实际上，一个replica会同时持有这样几个状态副本：一个stable checkpoint，若干个未达到稳定状态的checkpoint（生成后暂未收集到 $2f+1$ 个该状态的checkpoint消息），以及当前状态。stable checkpoint的最后的消息序号 $n$ 就是低水位 $h$ ,高水位 $H = h + k$ (where is big enough so that replicas do not stall waiting for a checkpoint to become stable).

4. View Changes

client在有效时间内没法收到 $f+1$ 个有效结果，则广播request到所有的replica。backup收到后，若该请求从未执行，则转发给primary，并且启动timer，在timer到期前若没有收到primary发出的pre-prepare，则判断该primary异常，发出view-change消息。backup $i$ , $<VIEW-CHANGE,v+1,n,C,P,i>_{\sigma_i}$ ， $v+1$ 是新的view number， $n$ 是该backup的stable checkpoint $s$ 的最后消息序号， $C$ 是证明 $s$ 的 $2f+1$ 个checkpoint消息， $P$ 是 $Pm$ 的集合， $Pm$ 是达到 $prepared(m,v,n,i)$ 状态的消息（包含pre-prepare消息和 $2f$ 个来自其他replica的matching消息，其中消息 $m$ 的序号大于 $n$ ）。

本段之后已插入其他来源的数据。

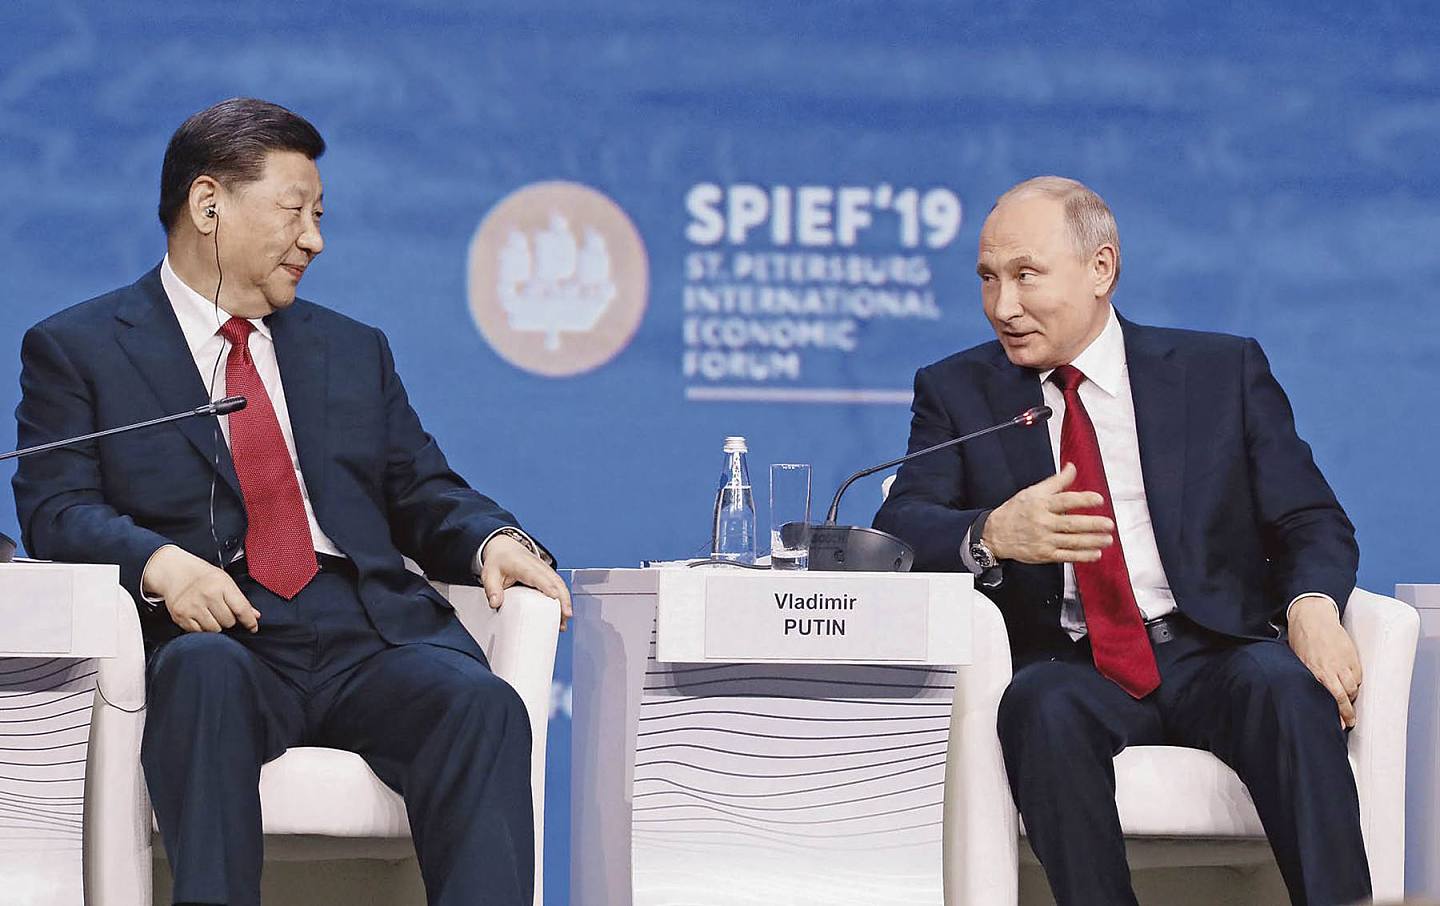 习近平6月访问俄罗斯，中俄两国逐渐联手的态势，对全球格局产生重要影响。图为习近平在2019年圣彼得堡经济论坛上和俄罗斯总统普京交谈。

$v+1$ 的primary（通过 $p = （v+1）mod |R|$ 计算）收到 $2f$ 个有效view-change消息后，广播 $<NEW-VIEW,v+1,V,O>_{\sigma_p}$ ， $V$ 是收到的和primary自身的view-change消息的集合， $O$ 是pre-prepare消息的集合。计算如下，比较复杂

The primary determines the sequence number $min-s$ of the latest stable checkpoint in $V$ and the highest sequence number $max-s$ in a prepare message in $V$ .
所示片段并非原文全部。